The first slim flower buds appear on all the branches waiting for the first rains. A heavy single rain falls and the flowers burst out in a day. In February, March and April there are several flowerings and you are enveloped in the heady, glorious smell of jasmin. Each blooming is at its height for only a day.

The farm looks as though a white mist has settled over the coffee trees and it smells deeply of jasmin. You can not get enough of the lovely smell. It is the most beautiful time of year. Delicate, waxy white flowers surround the branches like bracelets and the scent of jasmin fades.

As the white flowers dry and tip over and begin to fall off, their stems fatten into a bud that will slowly swell and grow into a green coffee bean......And then it flowers again. This year we had four flowerings, two fuller and more beautiful than the others.

We have many bees helping us.

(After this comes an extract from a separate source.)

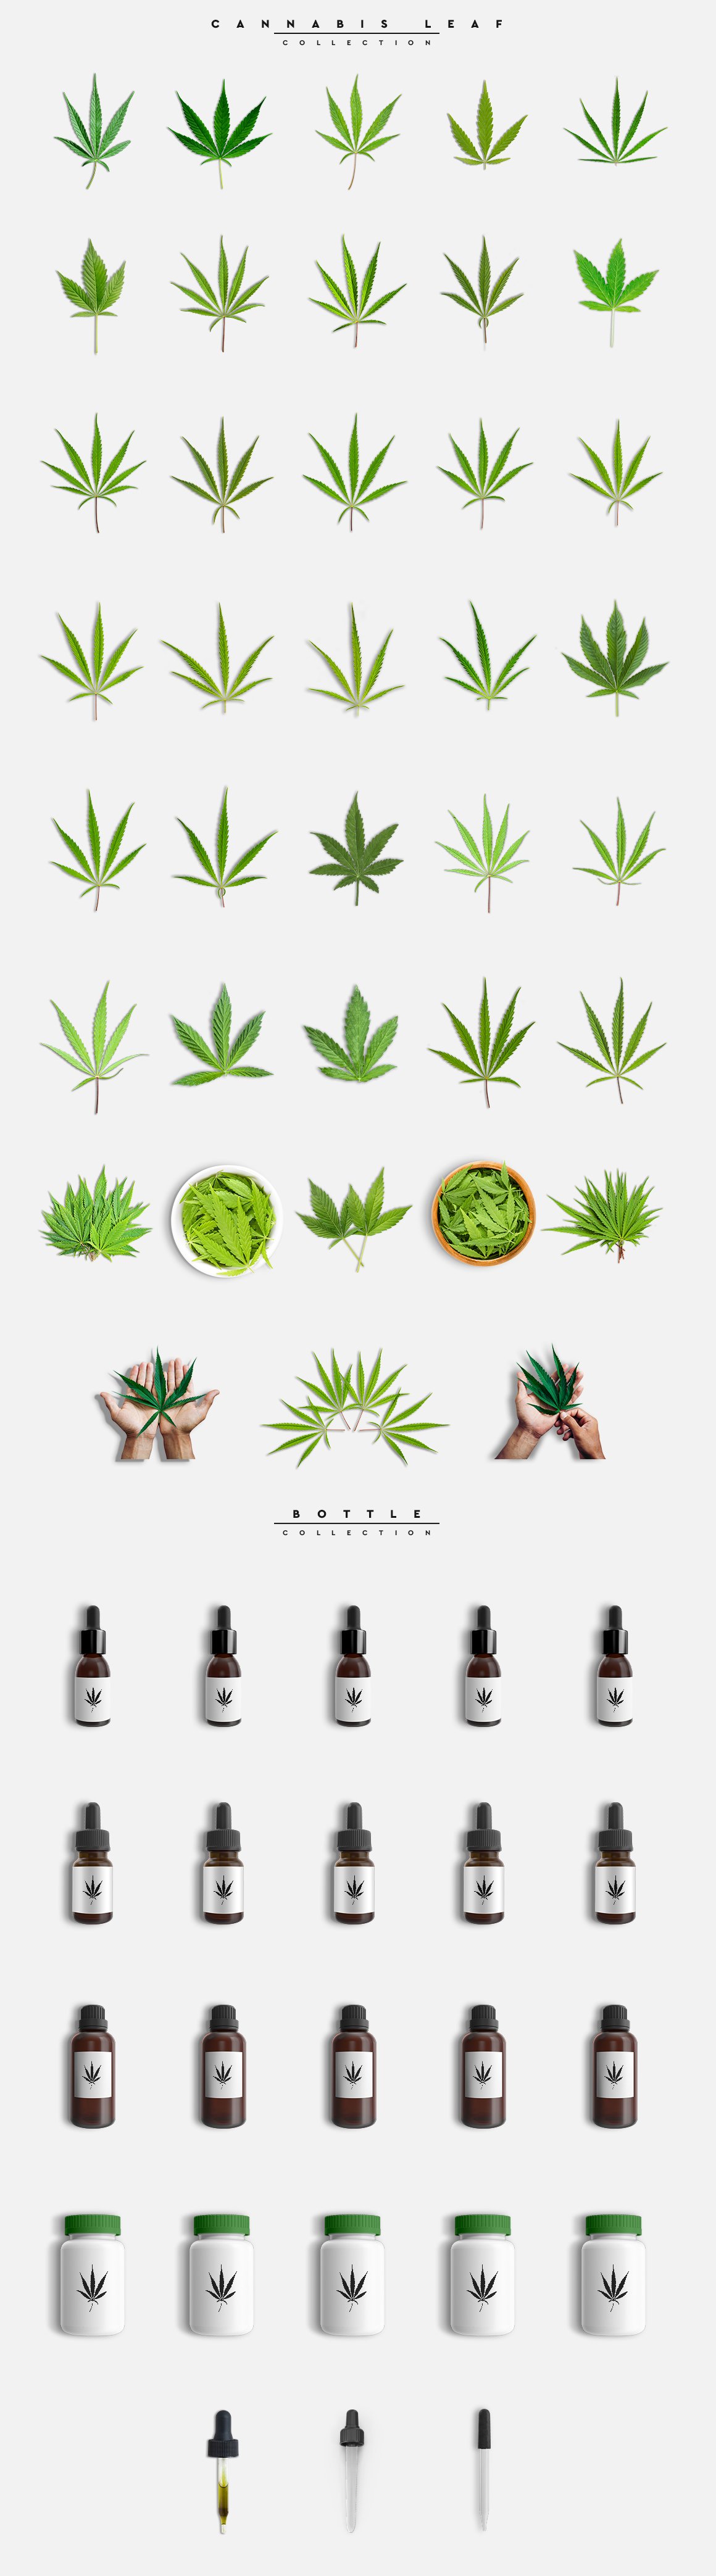 Cannabis Scene Creator #01 preview image.

These photos above were taken by don Gustavo

As some of the white flowers dry and tip over and begin to fall off, their stems begin to  fatten and swell into a green coffee bean.   And then there is another flowering. 

As the blossomings ripple through the farm the green beans are different sizes and get fatter at their own pace. The beans ripen slowly at their own pace--the crop will begin 8 months after the first flowering and continue ripening until 8 months after the last flowering.

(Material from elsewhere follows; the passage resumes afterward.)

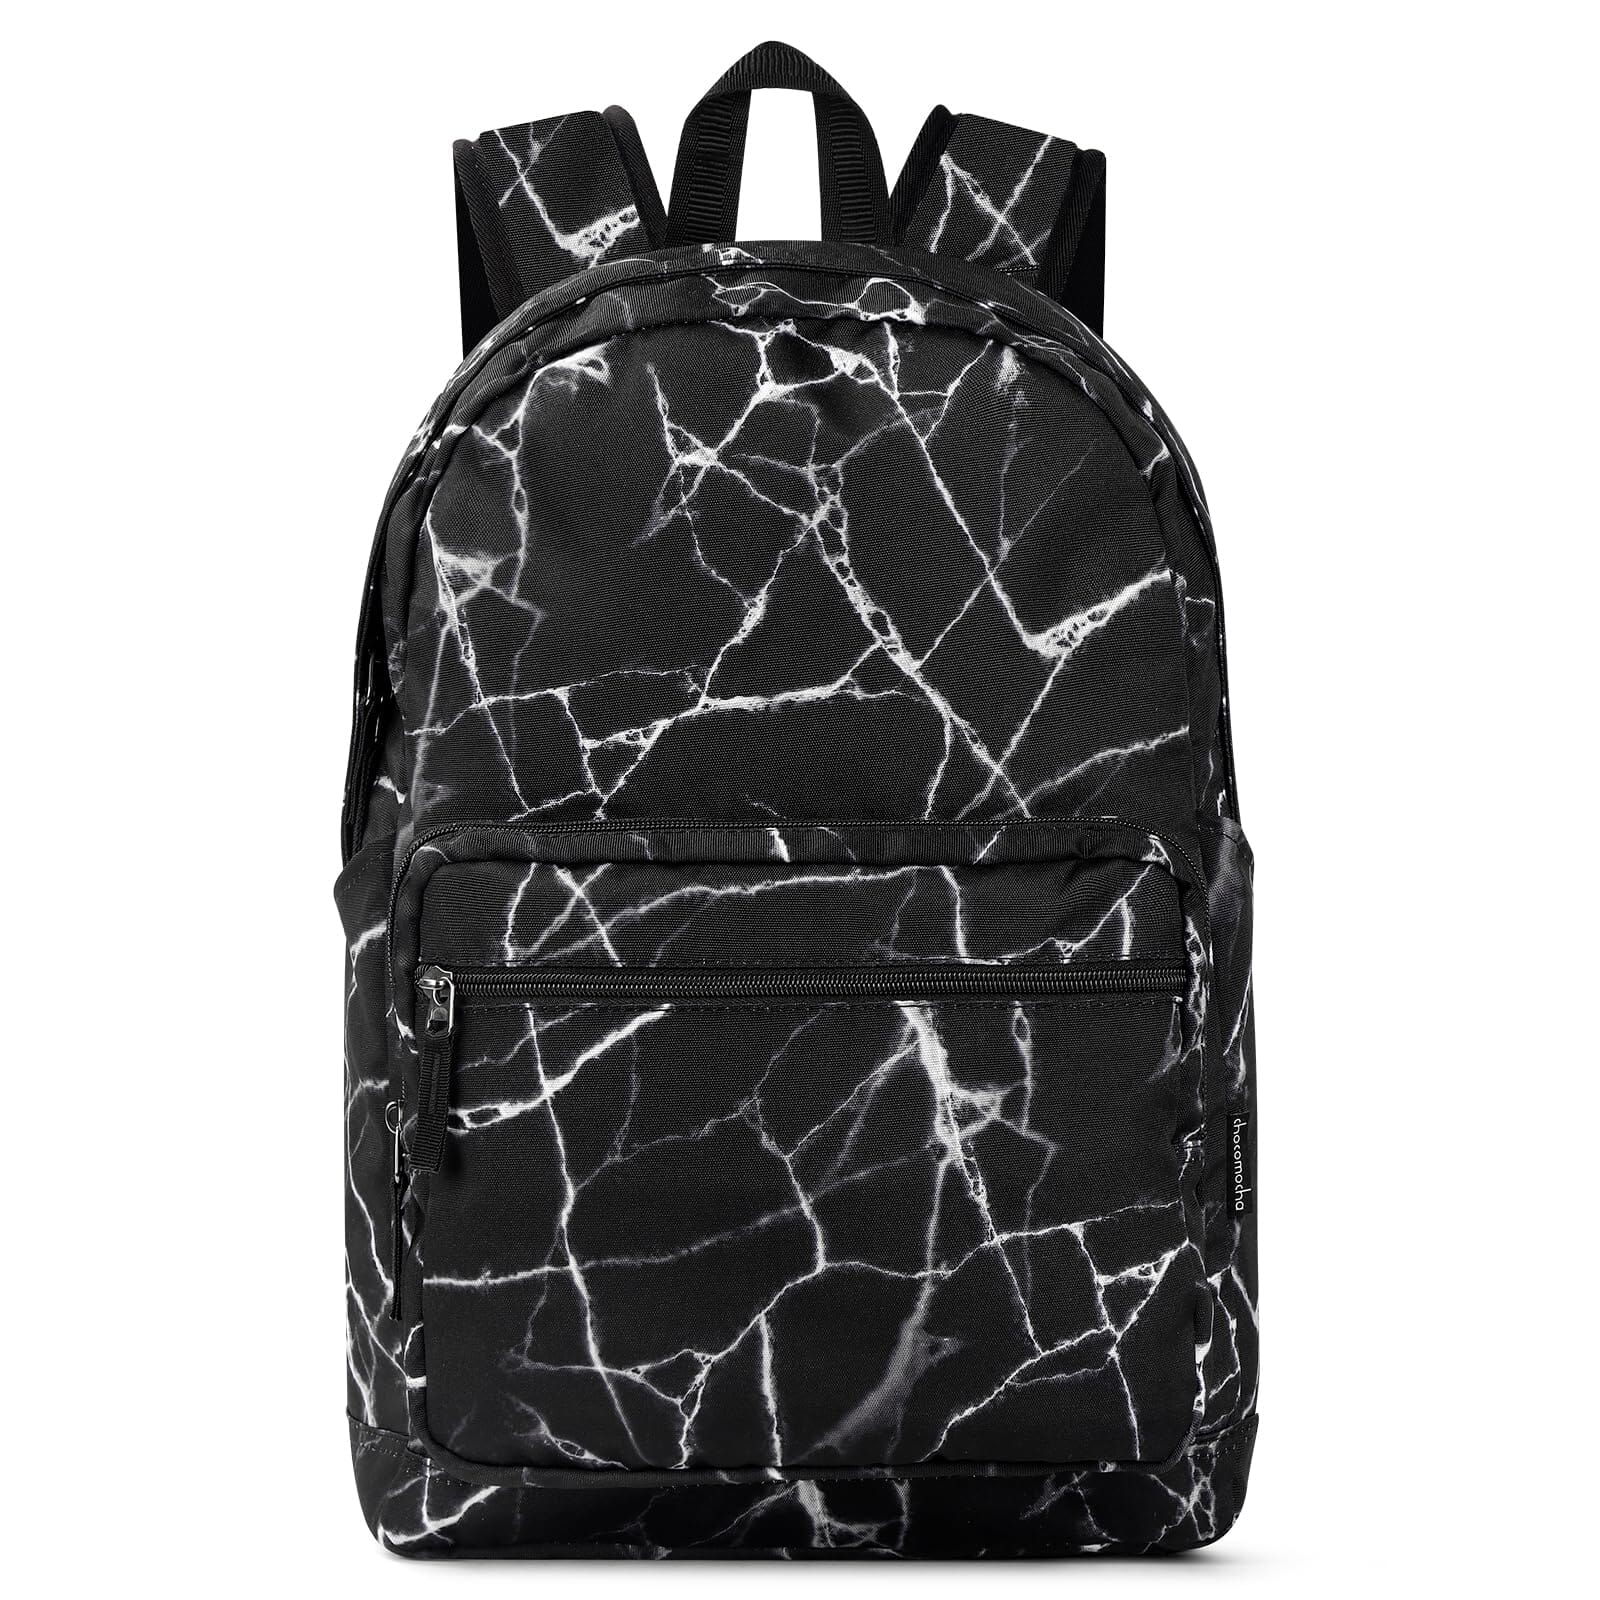 Choco Mocha Black Marble Backpack for Girls Travel School Backpack 17 Inch chocomochakids

It is quiet and very dry on the farm.


At Nueva Granada, when the rains begin in May and become steady, we put from 50 to 100,000 new coffee plants out into the field to renew the farm.
These deep green, knee-high young coffee trees have been in the nursery for about a year and are ready to go out into the field.  In the photograph, the light shade trees in the nursery are blooming yellow.

A year earlier we put selected coffee seeds into a raised, rectangular seed bed that is composed of rich earth mixed with sand. The sand makes the soil lighter and makes it easier for the root system to spread and develop. After about 45 days the beans pop up on slender stems. They are called "soldaditos" or "little soldiers" because they are so straight.

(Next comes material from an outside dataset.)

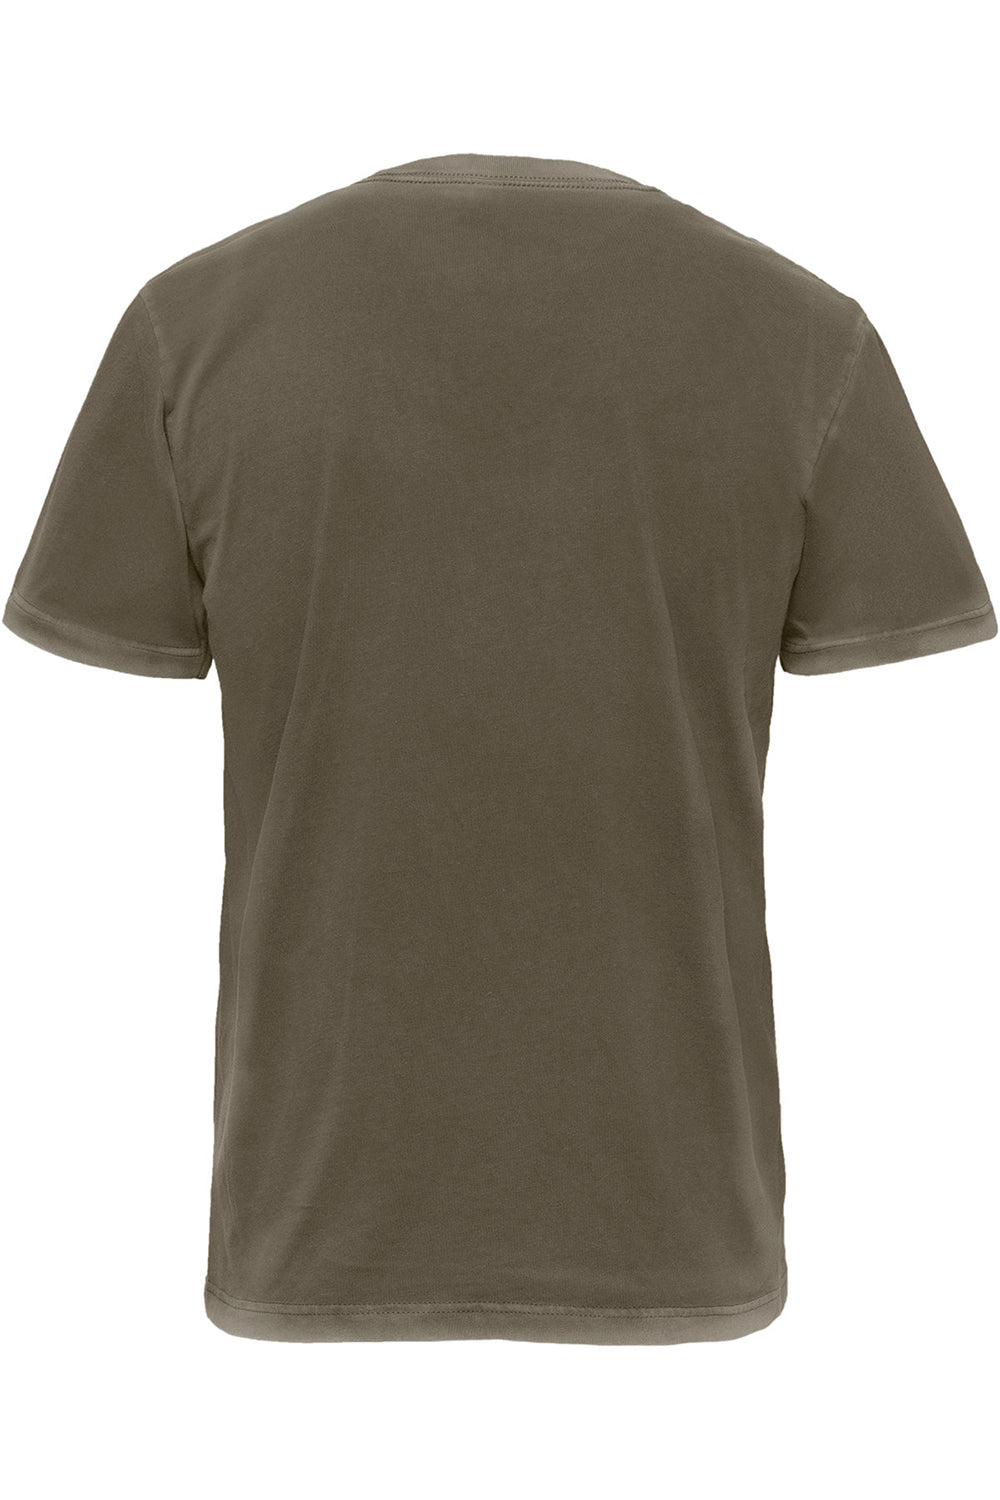 Next Level 3600SW Mens Soft Wash Short Sleeve Crewneck T-Shirt Military Green Flat Back

From the bean, two brilliant round green leaves appear, much as a butterfly comes out of its cocoon. This stage is called the "mariposa" or "butterfly." This is when the plants are grafted to a strong root system.

After another 45 days or so, the butterfly stage is planted into a bag which will keep the roots straight and make planting out easier.  Nueva Granada has begun to use the black bag upside down with the plant coming out of the hole usually at the bottom to avoid erosion from the rains and the growth of weeds.  It seems to work!

Then the small plants grow for another six to eight months until the rains are steady and they are ready to go out into the field and it is late May.



July, August and even September are quiet on the farm....The coffee is ripening and turning red, bean by bean.  The rains are heavy every day.  The warehouse is empty...
The volcanos Tacana, on the left, and Tajumulco, on the right, seeing from Nueva Granada on a clear September morning in a very wet and green rainy season!
The rainy season is ending slowly now but clouds still hug the volcanos.


The Coffee Cherries are turning red and picking has begun. The crop will continue to come in until the end of the year and into a new year


When the beans are picked they are washed and the red outer skin is removed. The two parchment covered beans that were in each cherry are soaked and washed. The parchment coffee is dried and bagged and stored until the coffee is ordered from across the world.


The deep red cherries are everywhere and the bags of dry, parchment coffee are being stacked in the warehouse...

Burlap bags, with the farm’s logo and the Rainforest Alliance frog, each 150 pounds of green coffee, are stacked on the patios ready to be trucked to the port and sent off in containers.